There appears to be a tendency among many operators, perhaps due to their good nature, to underprice menu items, fearing that a too-high price will hurt sales or that they will be taking an unfair advantage of guests. We often find that clients have priced their menu items below the market for similar quality restaurant offerings, sometimes for even less than McDonald's sells those items. You should never price your menu items below comparable restaurant prices based on the quality of what you are offering. You are not competing with McDonald's, as you have a captive customer. However, you don't want prices to be too high, like those at theme parks, where visitors may feel overcharged. Menu prices that are too low can hurt sales, as guests will be suspicious that the food is low quality based on the price. You can command a premium price over comparable restaurant operations by offering good quality products and with display cooking, such as having an open kitchen where guests can see food being prepared. The public sees it as more of a value equation than an absolute price consideration when purchasing quality prepared foods.
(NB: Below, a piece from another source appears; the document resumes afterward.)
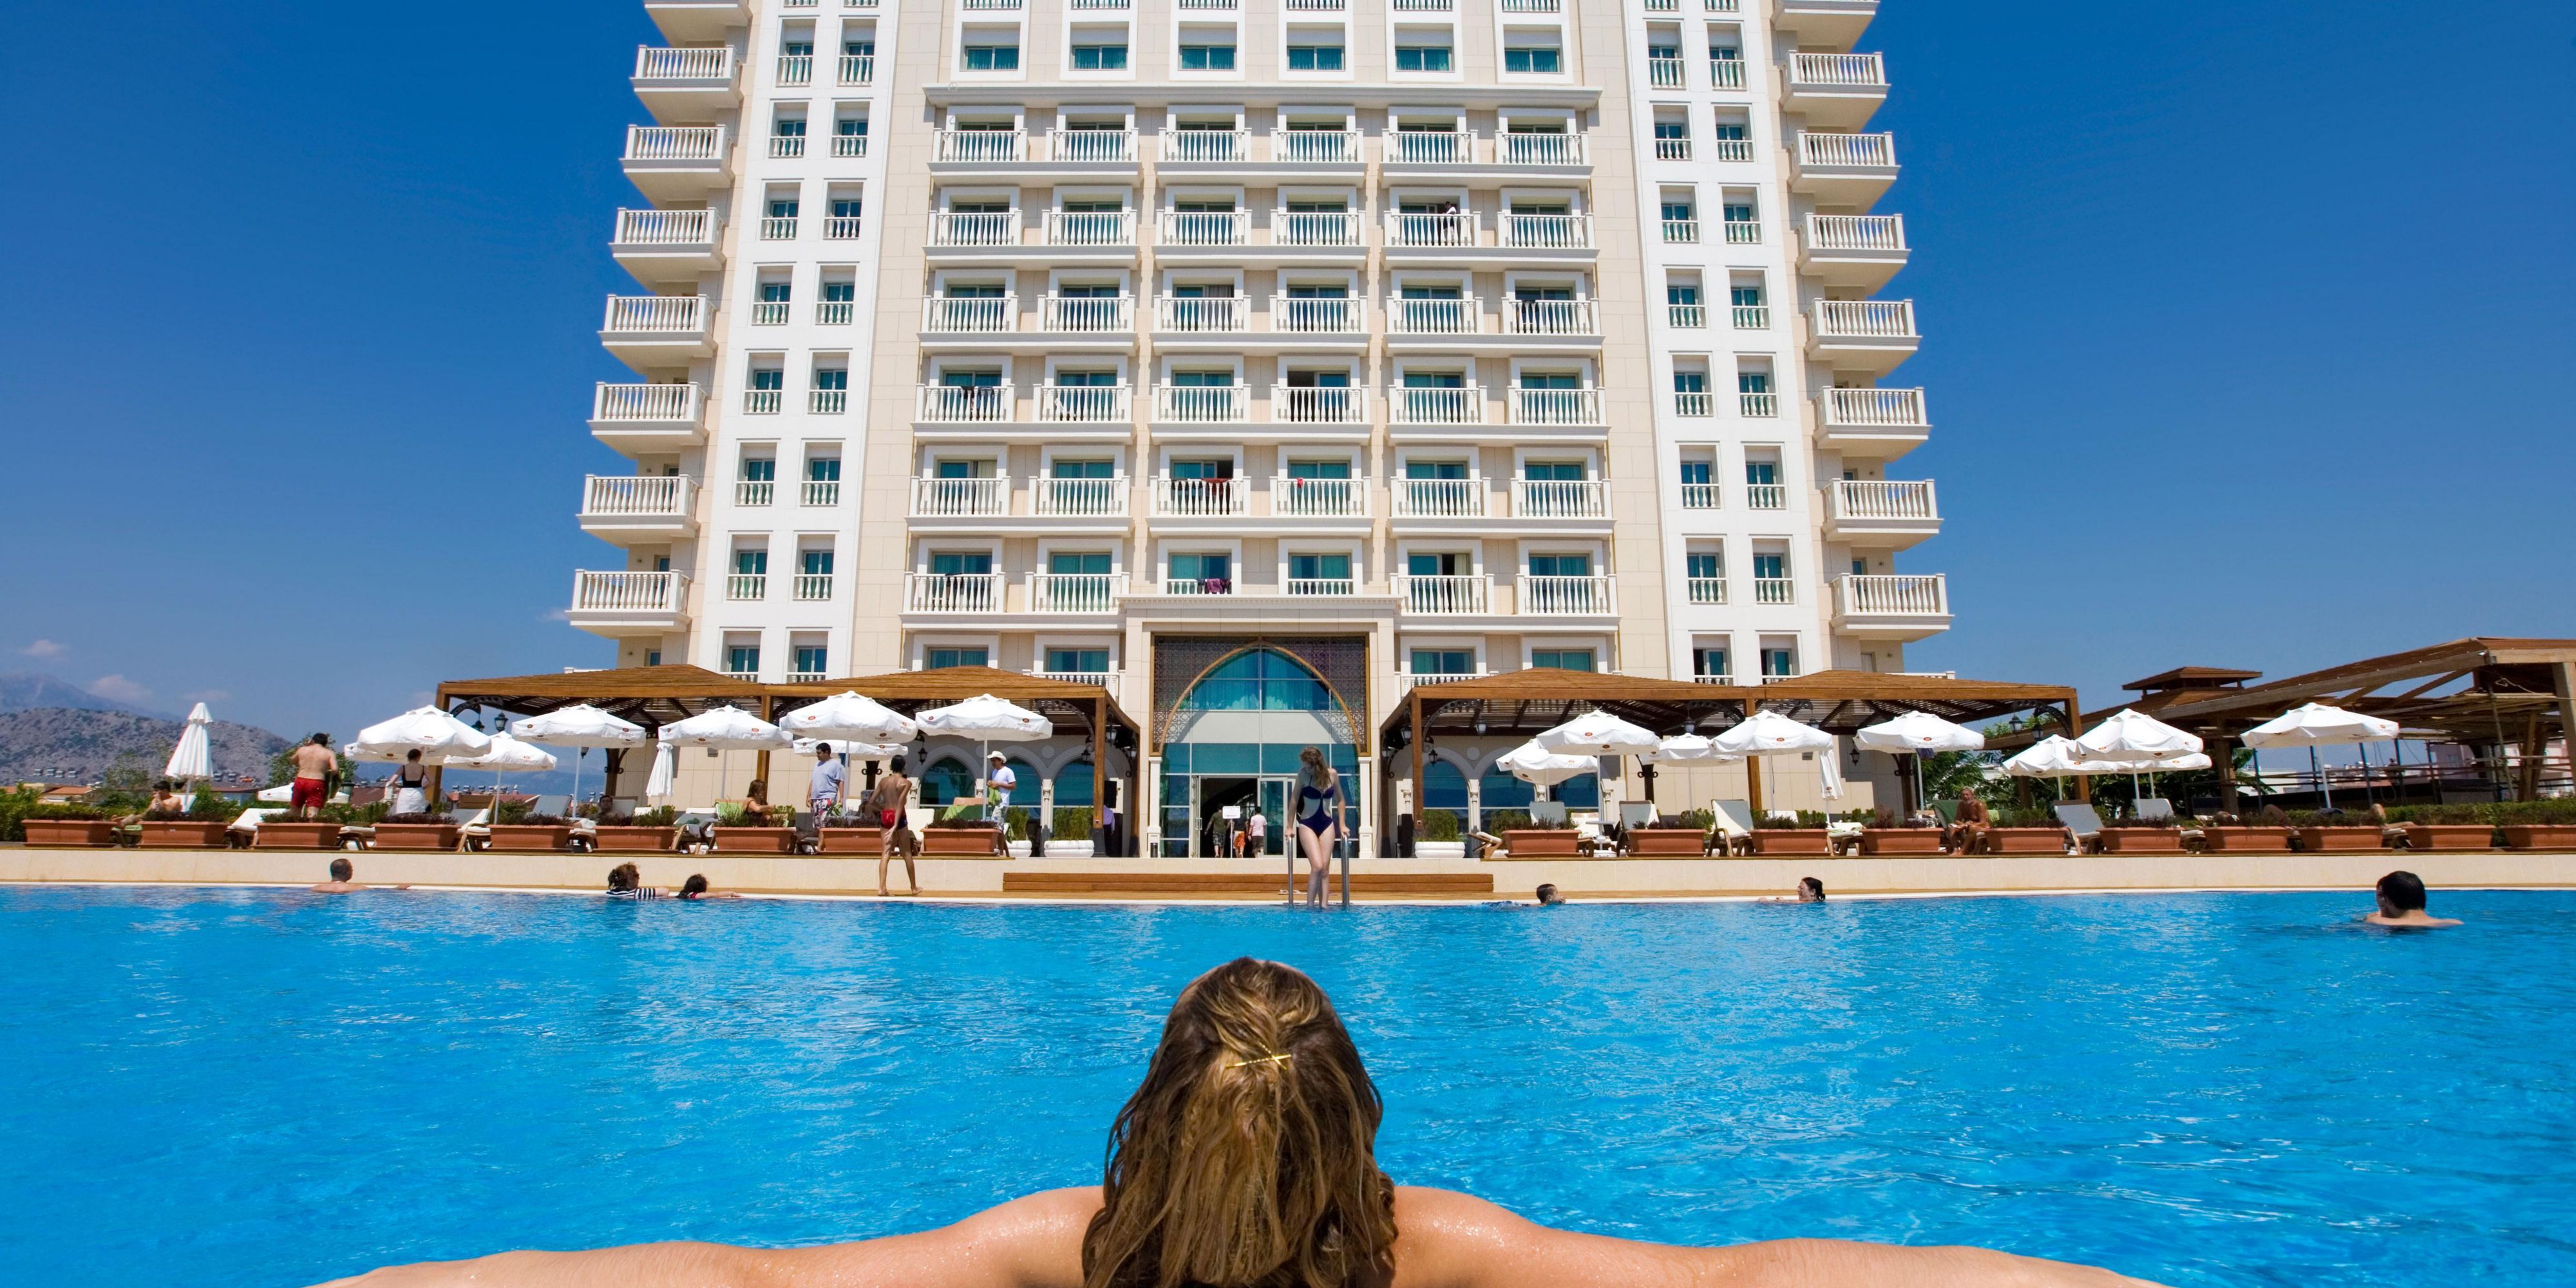 4 Star Hotels Near Antalya Crowne Plaza Antalya

Properly setting menu prices requires a detailed cost analysis of each menu item, ensuring the cost includes every ingredient and disposable paper/plastic item used. For example, the cost analysis for a cheeseburger should consist of the hamburger, cheese, roll, lettuce, tomato, onion, seasoning, condiments, and disposables - such as paper plates and napkins. Then, a factor needs to be added for waste - food that spoils, dropped food that is thrown away, and prepared leftover food that can't be saved at the end of the day. Then, you divide the menu item's total cost by your desired maximum COGS. In the example, you want to maintain a COGS that does not exceed 30%. To calculate the minimum selling price, divide the total cost of $4.26 by 30% to get the target selling price of $14.21. But don't stop there. If cheeseburgers of that quality are selling in the $15 range in your market, consider setting the price higher at $14.95, which yields a 28.5% COGS. Additionally, regardless of comparable selling prices, you should always round the price up to a regular menu price, such as $14.89 or $14.95, which is not perceived as significantly different from $14.21.

In addition to supplying labor costs and COGS to your F&B manager, taking an open-book approach of sharing this information with all F&B staff dramatically improves performance. We advise our clients to post two graphs where the F&B staff will see them daily. One can show the labor percentage, and the other the weekly or bi-weekly COGS. The vertical y-axis should show the ascending percentage, and the horizontal x-axis should indicate the time periods. The target range should also be shown. Then, each day or week, the new results are posted. This gives the staff immediate feedback. If the percentage is in the target range, that is good. If the graph shows costs increasing, that indicates to employees that things are moving in the wrong direction (an upward trend). If the percentage on the graph goes down, the staff is improving.

The open-book approach conveys to all F&B staff members that controlling prime cost is essential. It provides them with immediate feedback on their performance. Staff members have far more control of COGS than anyone else because they handle portion control. They create waste. They are doing (or not doing) the upselling to more profitable food items. The graphs will help them understand why proper portion control, minimizing waste, and up-selling are essential. It lets the F&B staff know they're regularly evaluated in these performance areas. It also allows them to know their theft will quickly show up in the performance results if they steal. And if their hours need to be cut back, they can better understand why -- that it is necessary from a business profitability standpoint and is not some arbitrary management decision.

Controlling the key performance indicators for prime cost requires procedures and discipline. When done correctly, you will have a continuous stream of profits from your food and beverage sales.